[Opening MATERIAL PROVIDED section]

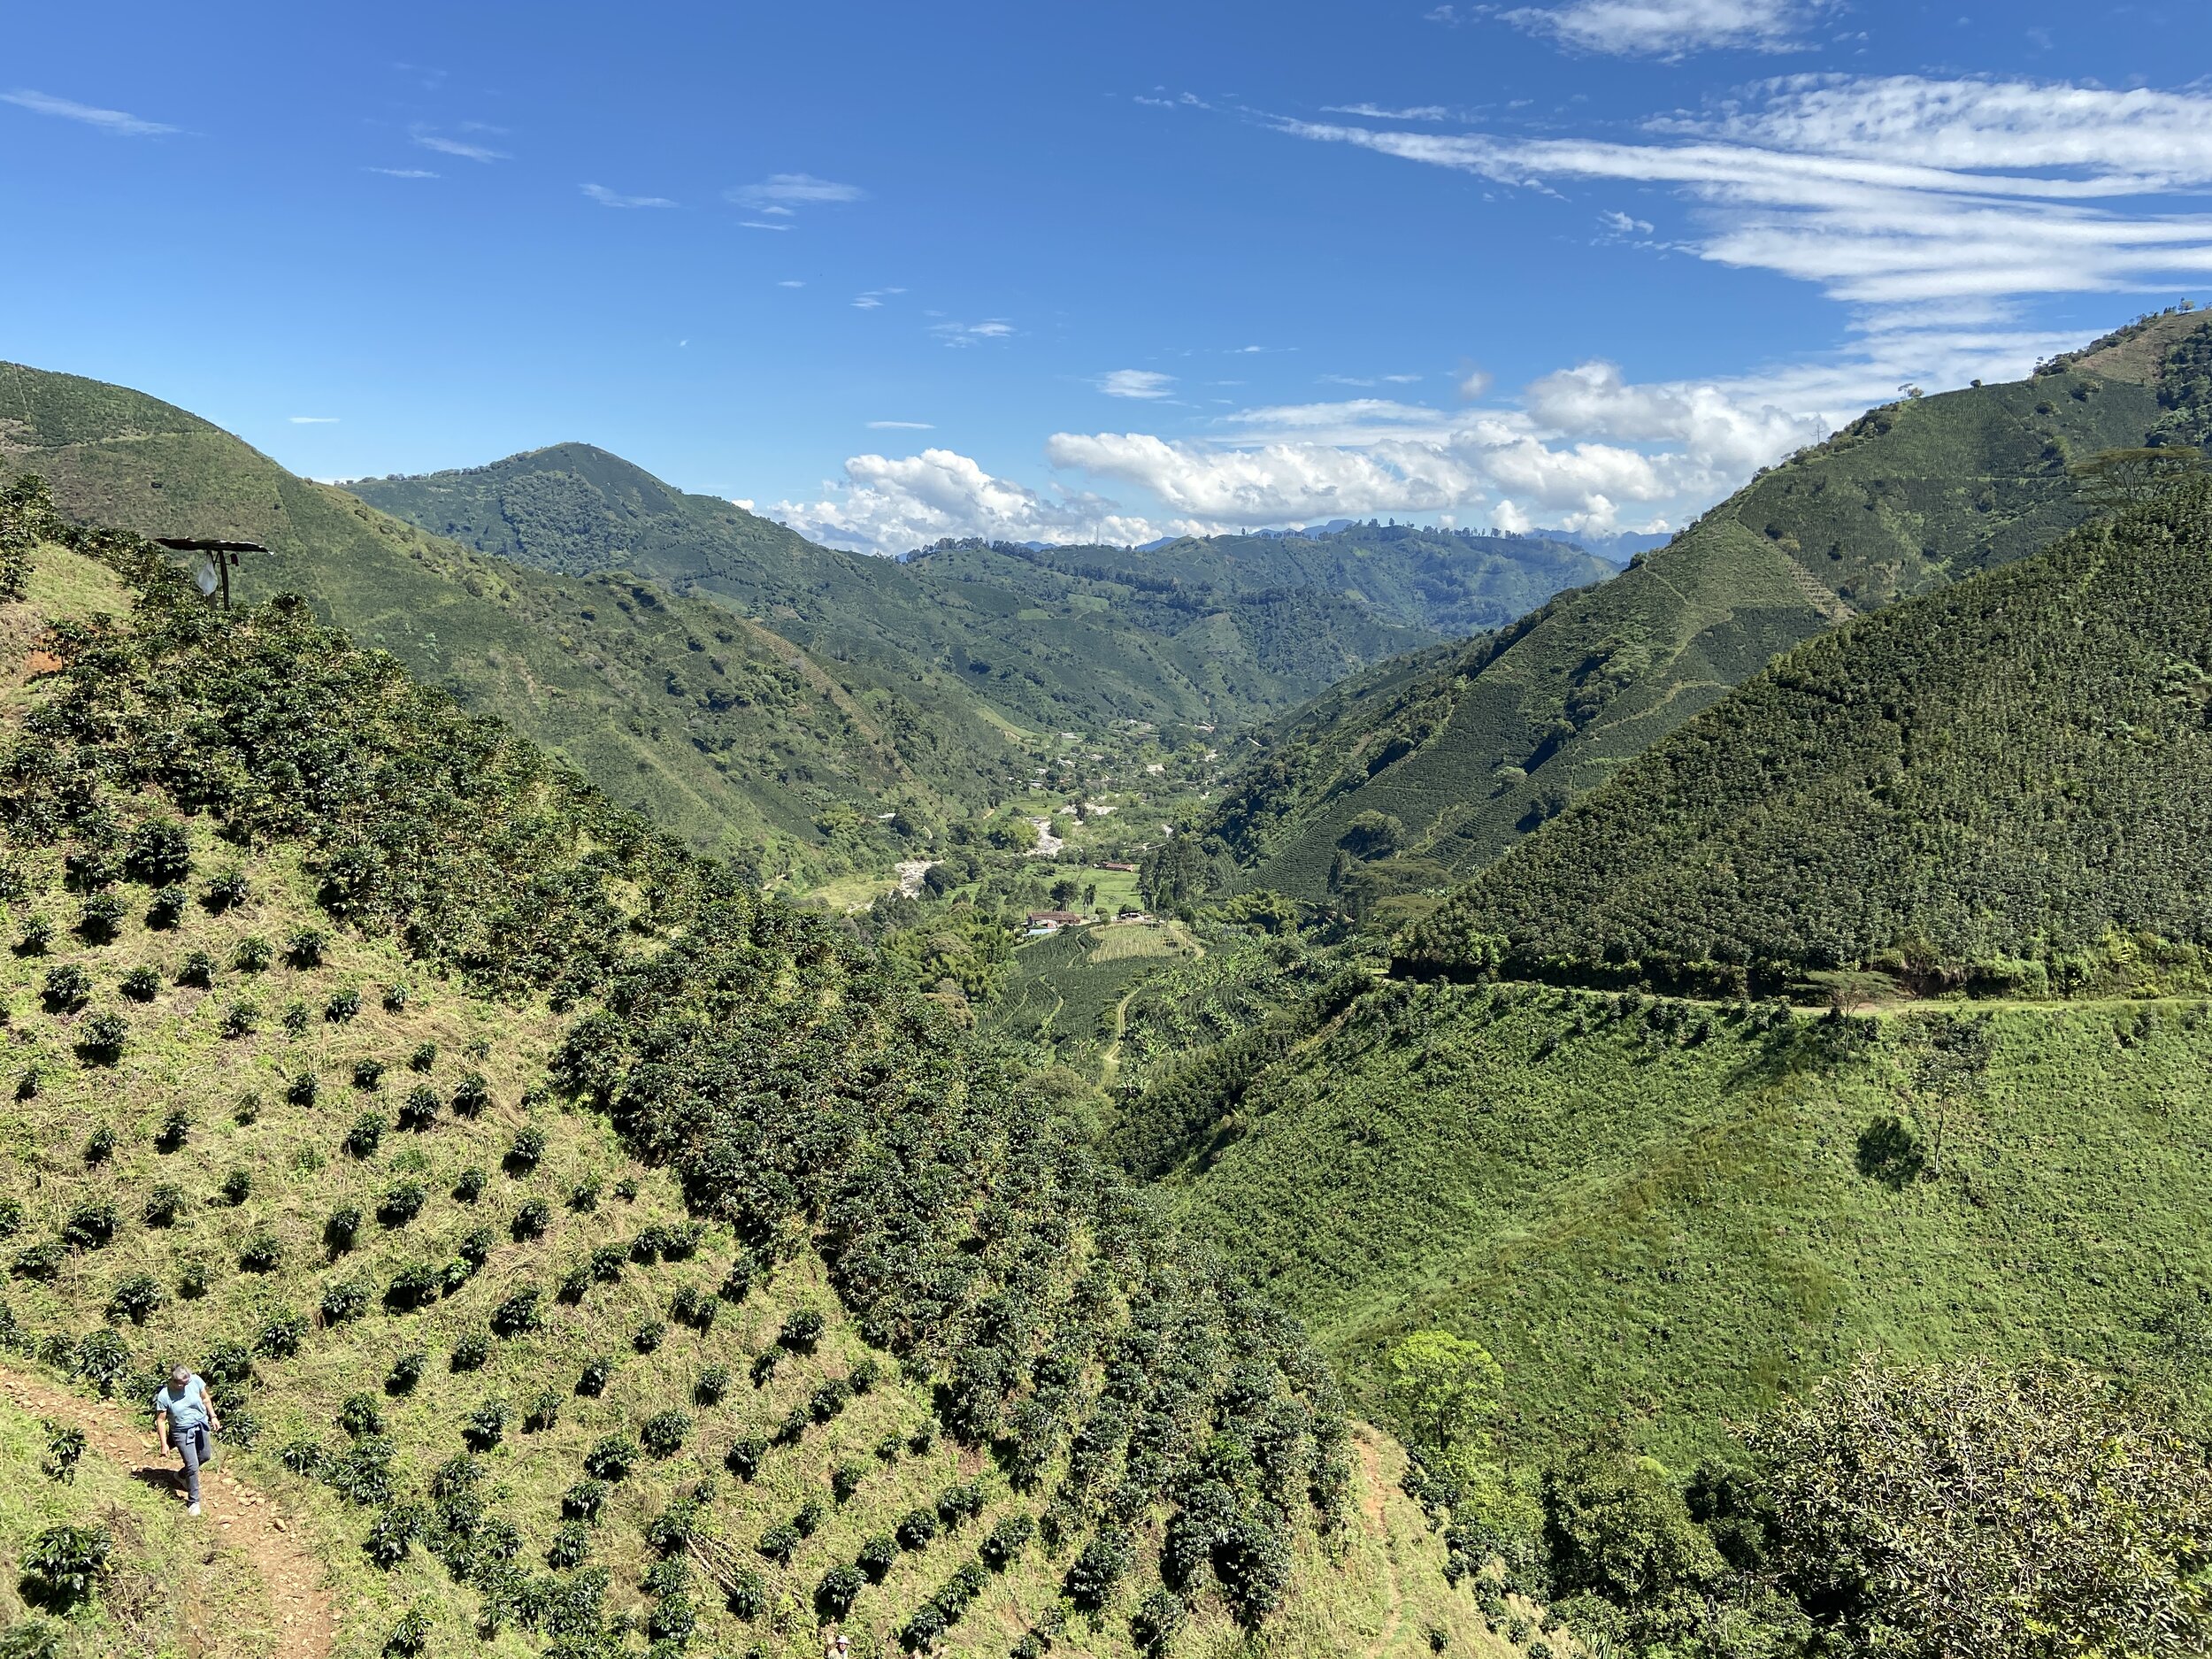  A view of one steep slope and the valley from a hillside on El Silencio 
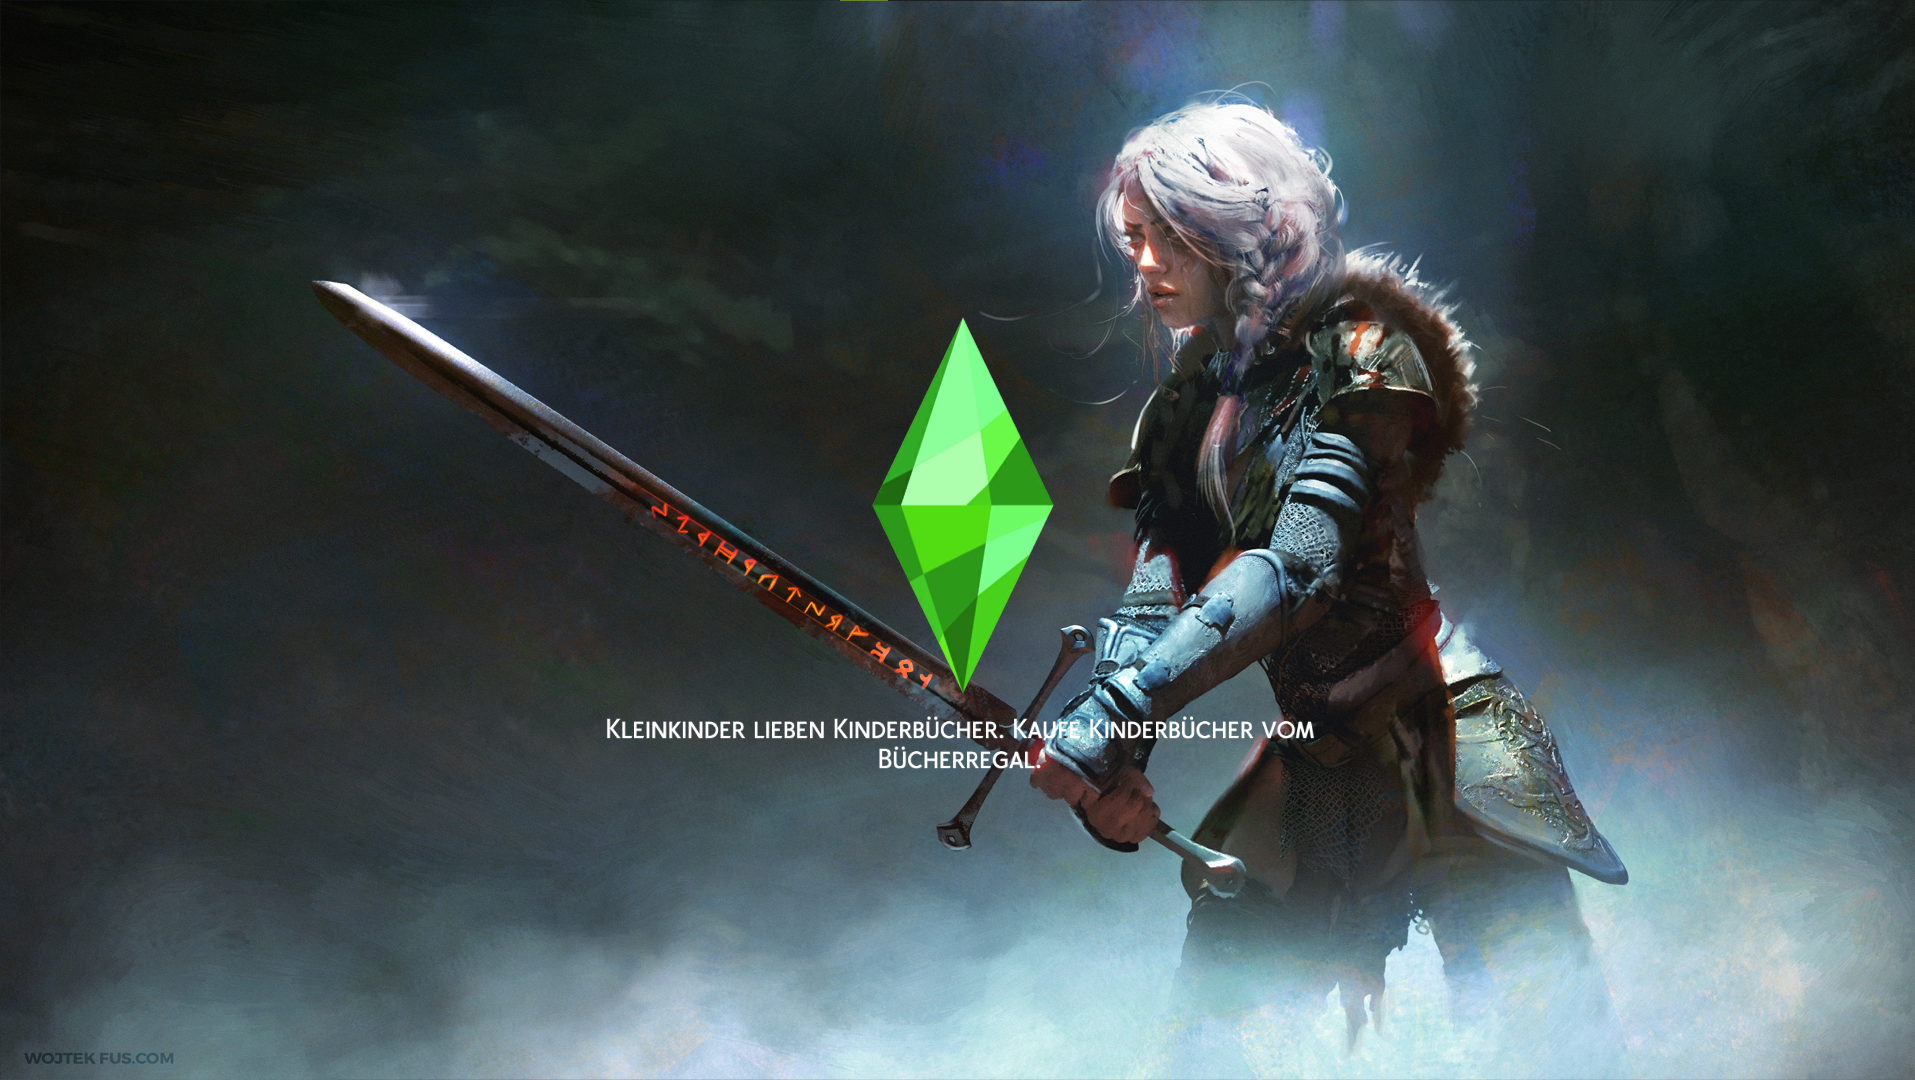 The Witcher 2 - Loading Screen - The Sims 4 Mods - CurseForge
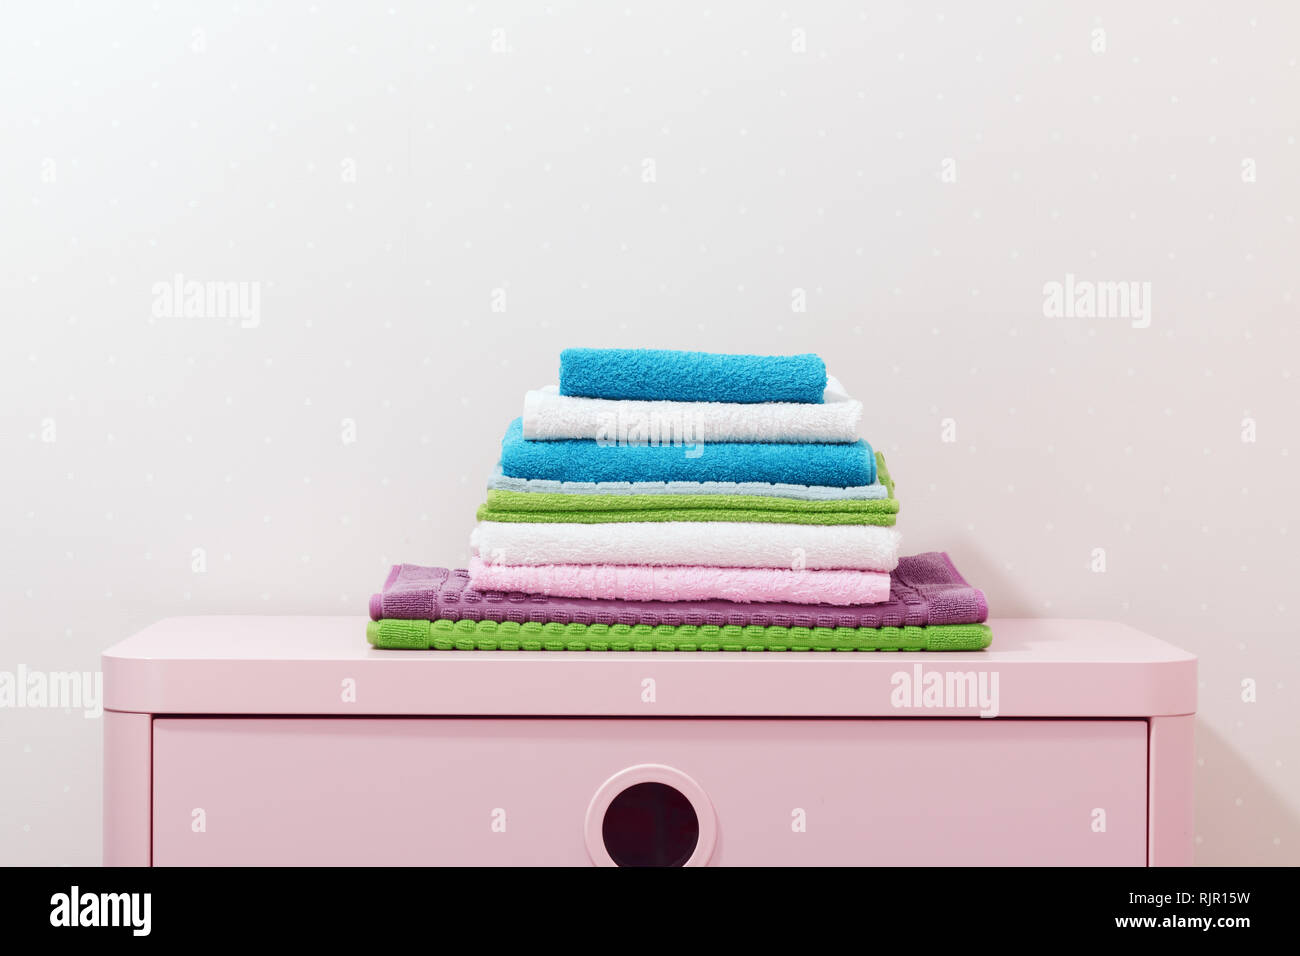 On the chest lies a stack of stacked colorful towels. Stock Photo

[Closing MATERIAL PROVIDED section]

_WHAT THE EXERCISE ASKS:_ Line by line, write out the data above exactly, without the pictures.

_YOUR SOLUTION:_
  A view of one steep slope and the valley from a hillside on El Silencio 
 The Witcher 2 - Loading Screen - The Sims 4 Mods - CurseForge
 On the chest lies a stack of stacked colorful towels. Stock Photo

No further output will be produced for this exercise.